Ossei Sensei…

(Author MBell)

Questo fu quello che sentì Paolo la prima volta che entrò in una palestra di karate-do e, pur non comprendendo il significato di quelle parole in giapponese, una lingua troppo lontana dalla sua, da subito rimase affascinato da cio’ che il suono di tali parole evocava in lui. Istintivamente, prese una decisione che non lo abbandonò per tutta la vita: capire il significato di quelle due parole. Iniziò così a praticare karate-do. I primi anni furono pieni di duri allenamenti tanto che a volte si chiese: “ Ma chi diavolo me l’ha fatto fare: ripetere all’infinito gli stessi movimenti, calci, pugni, parate, senza vedere dei risultati?” .
Il problema è che Paolo non riusciva a smettere, anzi, più andava avanti e più, dentro di se, prendeva forma qualcosa a cui non riusciva a dare una spiegazione. Intanto continuava a dire “ Oss Sensei” .
Negli anni Paolo disse “ Oss Sensei “ ad un sacco di persone, a volte veri “ Sensei” a volte presunti, ma il significato di quelle due parole cambiò negli anni. Quello che all’inizio era un saluto riverente al Maestro, la massima autorità nelle arti marziali, piu’ avanti, divenne una promessa ad impegnarsi, non solo in palestra ma in tutta la sua vita, a tenere vivo quel fuoco che era era nato dentro di lui e che, non voleva si spegnesse piu’. Rispetto e lealtà, in un mondo che spesso non riconosce più il significato di tali valori, così importanti nella vita di un uomo.

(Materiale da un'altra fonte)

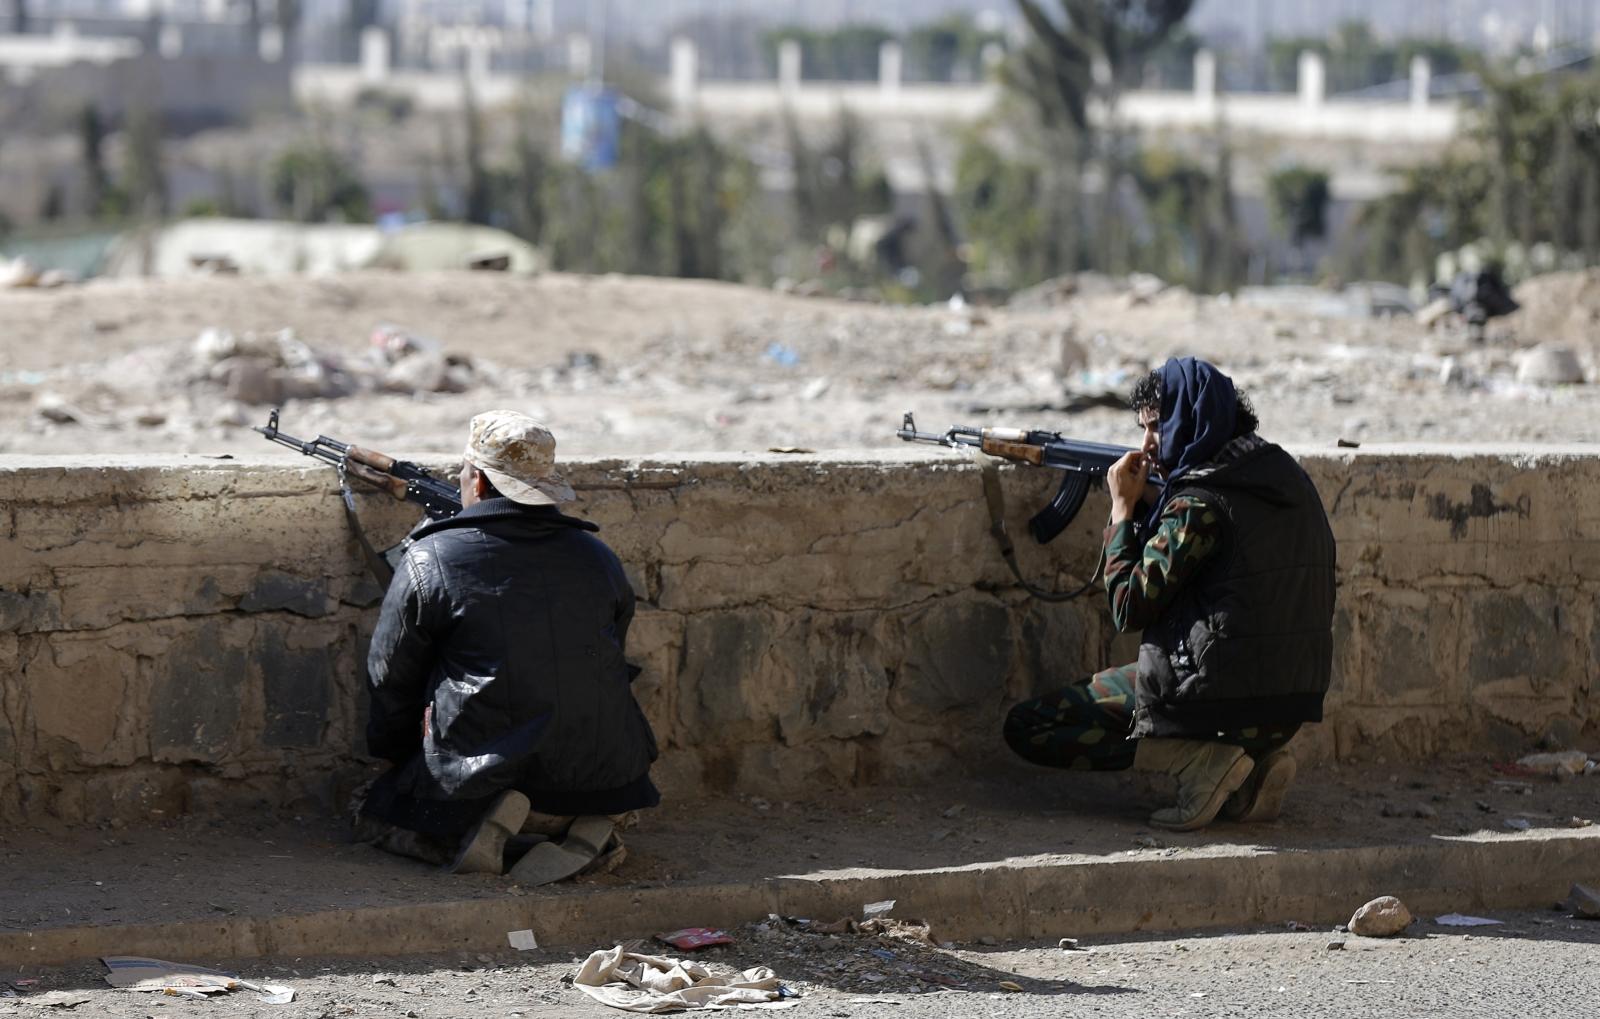 yemen-clashes.jpg?w=736&h=469&l=50&t=40
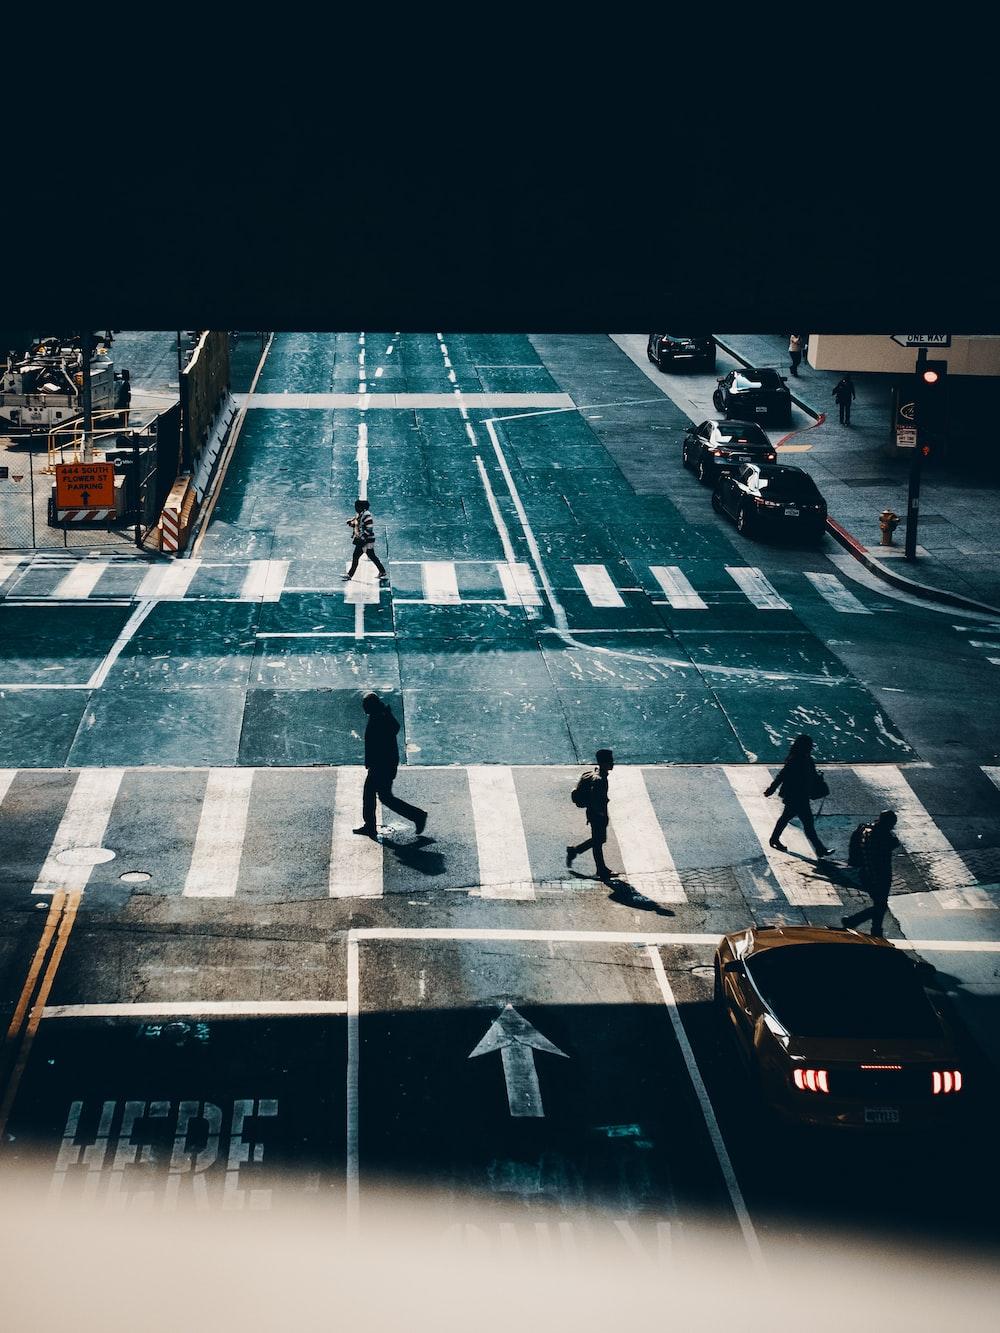 several person walking on pedestrian lane

Con gli anni si scoprono molte cose e spesso, i significati delle parole cambiano ed acquistano un senso diverso a seconda della maturita’ e della capacita’ cognitiva nonche’ di apertura del momento. Questo, relazionandolo al senso di una cosa, puo’ determinare un cambiamento radicale. E’ strano ma a volte è proprio quello che ti prende di piu’ che cambia nel tempo. Senti una frase che all’inizio può anche suonare strana ma che ti entra subito dentro, portandoti a scoprirne il vero significato.
Paolo percepiva che c’era sotto qualcosa di diverso, che il cambiamento del significato iniziale di “ Oss Sensei” era già in atto…ed allora giù a capofitto negli allenamenti con molto sudore, rispettando le regole del Dojo.
Gli anni sono passati… quasi trenta e Paolo è ancora lì, ma adesso ha la consapevolezza di “sapere”, di conoscere la parte del significato nascosto di “OSS Sensei”. All’ inizio quando faceva il “ famoso saluto”, pensava di rivolgersi a qualcuno, al suo riferimento principale, il Maestro. A costui bisogna dimostrare il massimo, e’ il suo consenso che si deve ricercare, attraverso il sudore e la fatica. Oggi sa che tutto questo non era per il Maestro ma per lui, per Paolo..e quello che vedeva davanti a sé, tutte le volte che andava al dojo era “se stesso” che per mezzo di un’altra persona, veniva incitato a migliorare nella più grande, meravigliosa e difficile scuola che ci sia: la Vita…… Oss Sensei!!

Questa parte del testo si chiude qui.